I’m trying to migrate my org’s Gitlab instance to a new server, however, I cannot currently make a backup (our normal backup process takes a snapshot of the VM, rather than using gitlab-backup, but that isn’t applicable in this situation). The problem is occuring during processing of the LFS objects. These are large (~100GB) compared to the rest of the instance, and are stored on a CIFS mount. The backup is going into a different directory on the same mount (the server that the instance runs on doesn’t have disk space for the backup). I’m using the procedure outlined here. I have tried the STRATEGY=copy option, without any change. Any suggestions?

Edit
Can I safely exclude the LFS store and move it seperatly? That would I think solve the issue.

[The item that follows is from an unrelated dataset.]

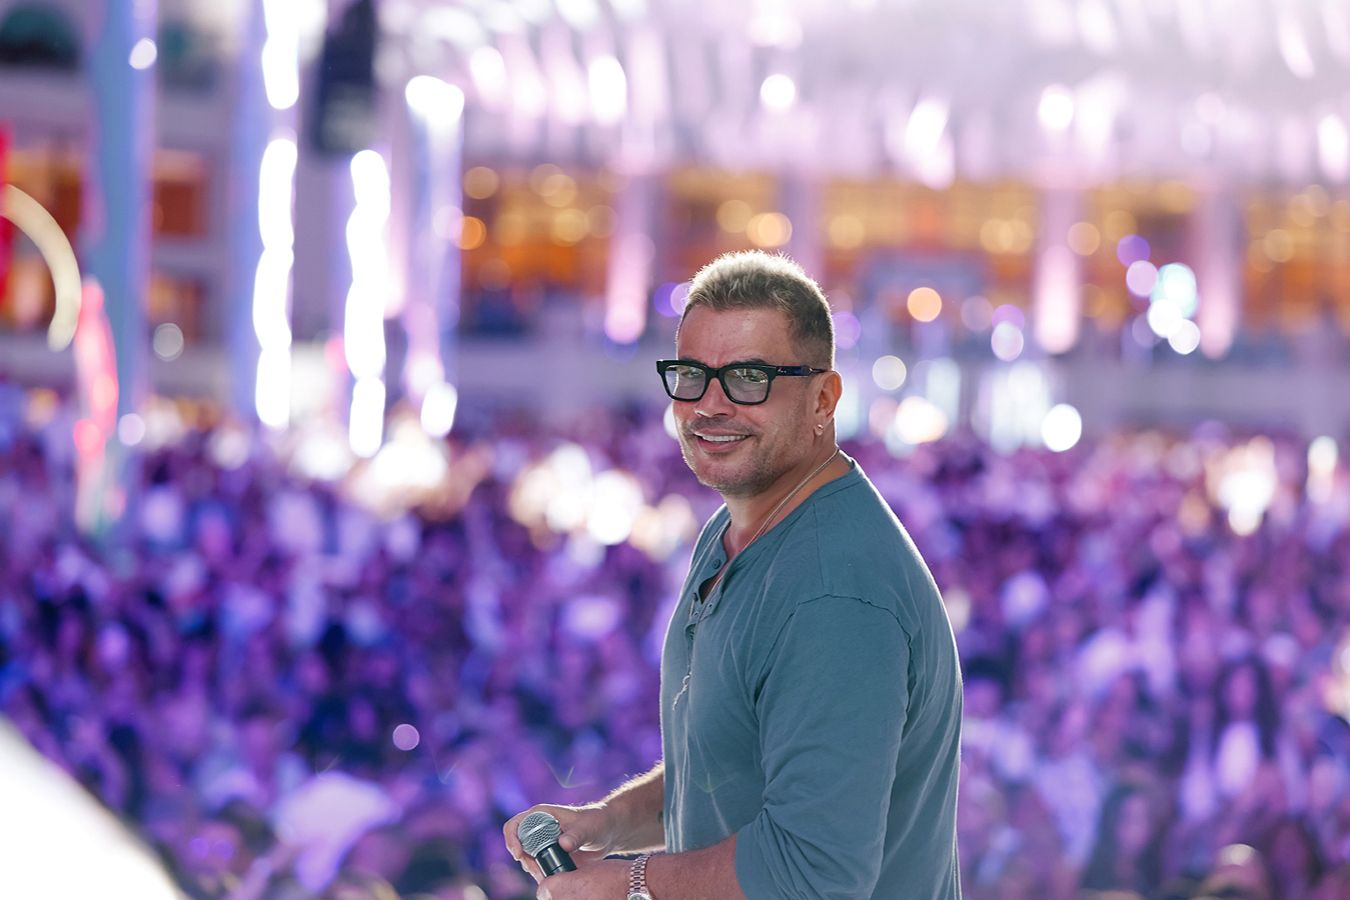 Amr Diab's phenomenal musical journey from Port Said to global stardom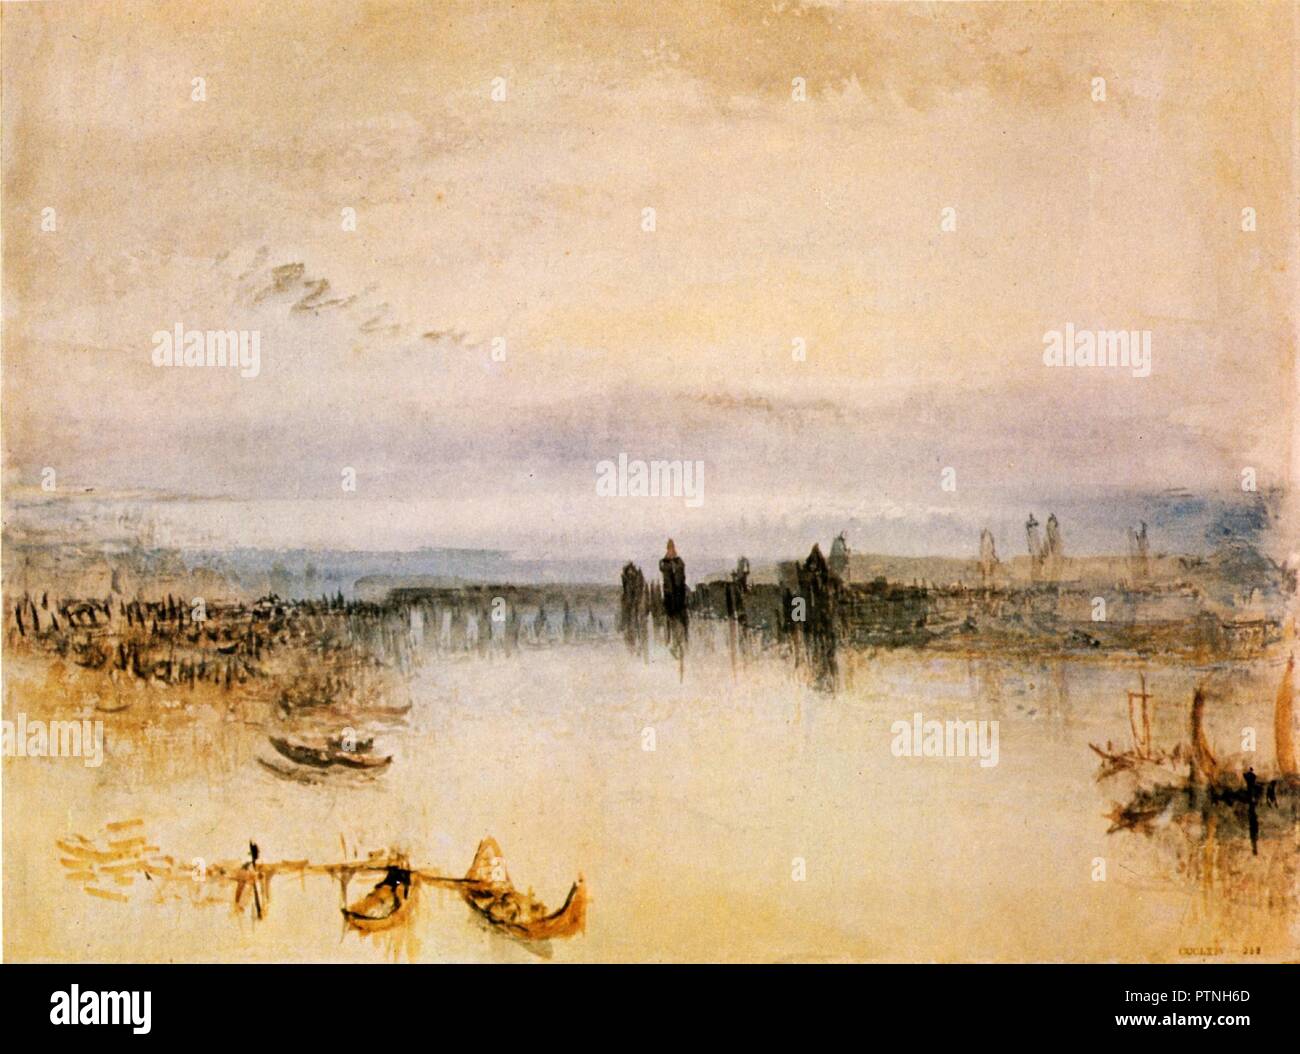 Sketch of the city of Konstanz, 1842. Date/Period: 1842. Watercolor painting. Painting. Author: J. M. W. Turner. TURNER, JOSEPH MALLORD WILLIAM. Stock Photo

What version are you on (Hint: /help) ? and are you using self-managed or gitlab.com?
13.2.0-ee (core)

What troubleshooting steps have you already taken? Can you link to any docs or other resources so we know where you have been?

Use STRATEGY=copy
Stop puma and sidekiq while the backup runs (I can’t really try this again, as it makes the instance unavailble overnight)
I can’t use the suggestion here because of disk space limitations.

coofercat · July 31, 2020, 9:11am

I’m not sure this is really a Gitlab problem per-se - it looks like general sysadmin issues to me…?

I have no direct experience of what you’re doing, but “tar: file changed as we read it” suggests that tar was reading a file and was backing it up, but it changed before tar got to the end of the file. This suggests that the file is being used by some other running process.

You say you can’t stop puma/sidekiq, but I’d imagine its these processes that are modifying the files you’re trying to back up. If you can’t stop the processes, you can’t use tar to do the backups - you’re then only really left with filesystem snapshots - but if a snapshot takes place during a file write, you still may not get a consistent file in the snapshot - so even though it looks good, you won’t be able to build a working system from it.

I’d say you pretty much have to take the downtime, stop all application processes and do your backup. Then you’ll be guaranteed a consistent backup that you can actually restore successfully.

m.hamilton-jones · July 31, 2020, 9:37am

Thanks for the reply. I should have phrased that better, I can stop puma and sidekiq, and I have tried that, with exactly the same result. I meant that I can’t keep trying it night after night in the hope that it works. If that solved the issue, we could take the downtime, but it doesn’t seem to.
The reason I think this is a gitlab issue is that the docs specifically state that the copy strategy was added to avoid exactly this error. I’m not sure if the reason it isn’t working is because of an error on my part, or a bug.

coofercat · July 31, 2020, 9:52am

Ahh okay - got it. In which case, I’d just stop all processes on the box (and any others that may be using the cifs share) and then do the backup.

If you’re not sure if you’ve got it all, try unmounting the cifs share - if it unmounts then nothing’s using it (and you could even remount it somewhere different so nothing can use somehow else).

m.hamilton-jones · July 31, 2020, 10:07am

hmm, the gitlab-backup command fails if the postgresql service is stopped, which I found since I did initially try just running gitlab-ctl stop before creating the backup,but trying to unmount the share and see what’s accessing it is a good shout. Thanks.

coofercat · August 4, 2020, 9:52am

That makes some sense - Gitlab needs to backup the Postgres data properly, so needs it running to do that (pg_backup needs postgres running, and I assume it’s using that or similar).

I suspect in your case the postgres data files and the other data files are on the same share though, so when Gitlab does a tar of the data files, it’s also getting the postgres data files (which are changing, because postgres is running). There’s no solution to this - other than to move Postgres to some other location.

m.hamilton-jones · September 28, 2020, 8:48am

Thanks for your input on this. We solved it in the end by rsyncing the LFS objects across to the new server and then doing a backup excluding LFS.